De Lucia nel suo intervento chiama in causa Giovanni Motisi, che rappresenta l’ultimo latitante di Cosa Nostra.
Fino a qualche anno fa era stato dato per morto, fino alla notizia della divulgazione di una ricostruzione del suo volto da parte del Servizio Polizia Scientifica, che suggerisce l’ipotesi che Motisi sia ancora in vita, e che sia latitante da 25 anni.
Motisi è cresciuto nel quartiere palermitano dell’Uditore e lì ebbe un ruolo di ex reggente del mandamento di Pagliarelli. Il latitante è accusato di avere commesso numerosi omicidi per conto dei corleonesi.

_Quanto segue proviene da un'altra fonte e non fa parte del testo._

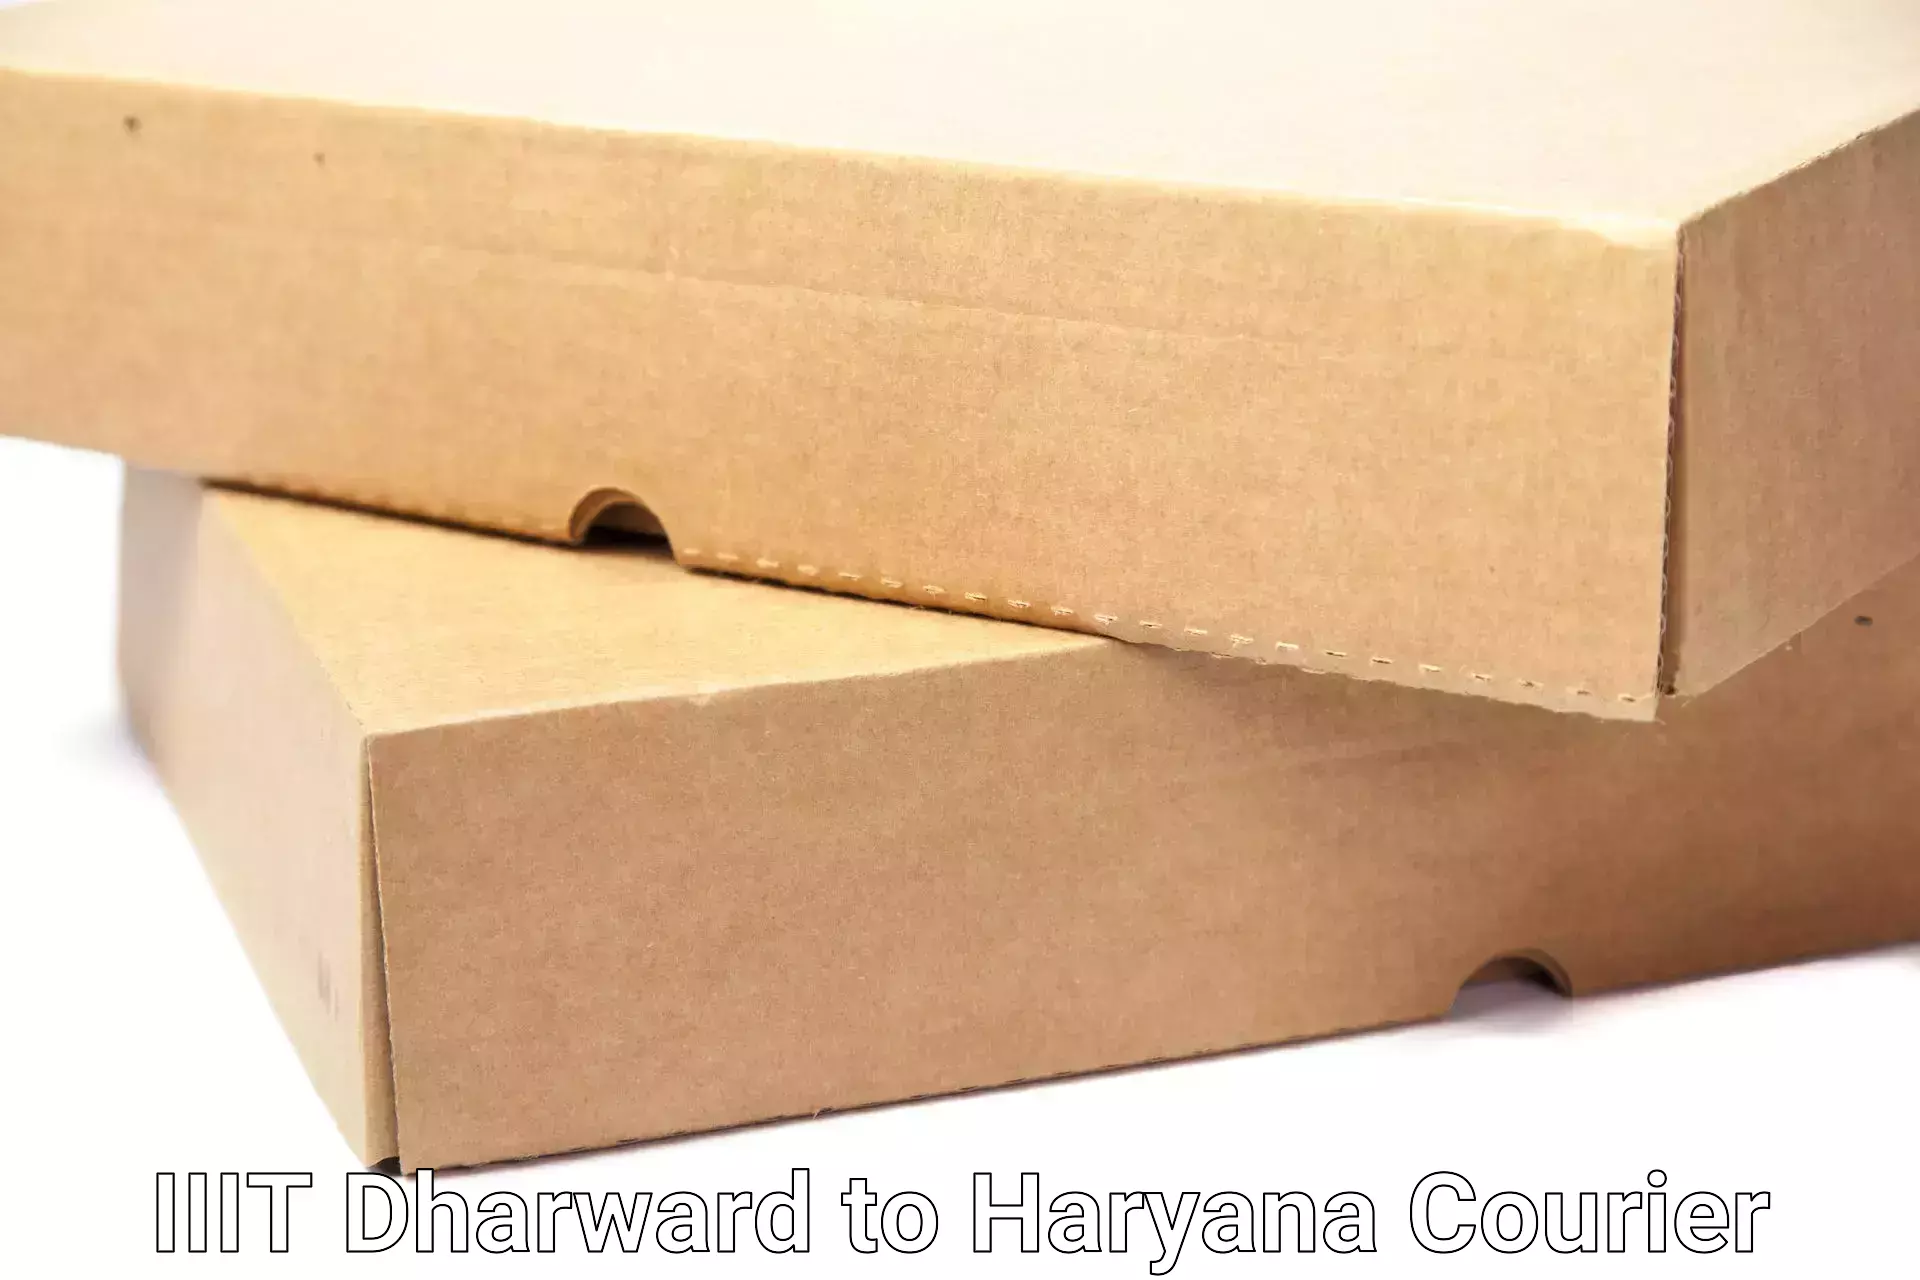 Local household movers IIIT Dharward to Haryana

Fra questi, quello costato la vita nel 1985 al vicequestore Antonino Cassarà ed all’agente Roberto Antiochia. E nel giorno del ricordo non sono mancate neanche le rivelazioni, stavolta su Matteo Messina Denaro. A farle è stato il comandante del Ros Vincenzo Molinese: “Finora sono stati sequestrati ben 250 milioni, tra aziende, titoli, immobili, contanti riferibili a Matteo Messina Denaro”.
Un dato che ci ricorda, ha proseguito Molinese come “La mafia riesce a inquinare la società civile. La forza di Cosa nostra è al di fuori dell’organizzazione: riesce a penetrare tra professionisti, istituzioni è una sua peculiarità.
I grandi risultati nella lotta alla mafia creano disorientamenti nelle organizzazioni mafiose”.
Quello riguardante il boss di Castelvetrano è di certo un dato che parla di sequestri davvero importanti: ma l’ammontare del valore delle attività portate avanti dal latitante sarebbe molto più ampio.
Un calcolo fatto nel 2023 a seguito dell’arresto del boss da Libera e Lavialibera, rivista dell’associazione antimafia: si parlava nel report di un tesoro pari ad oltre quattro miliardi di euro in una provincia, quella di Trapani, dove la media dei redditi pro capite è tra le più basse d’Italia.
Attività che si dividerebbero in aziende, conti correnti, beni mobili e immobili sequestrati e confiscati in seguito alle attività investigative grazie a prestanomi, gregari, imprenditori, persone a vario titolo riconducibili a Matteo Messina Denaro.
Il tutto grazie a una fitta rete di protezione fatta di gregari e di amici. Un passo tra la vecchia e la nuova mafia, sempre dura a morire e sempre da continuare a combattere.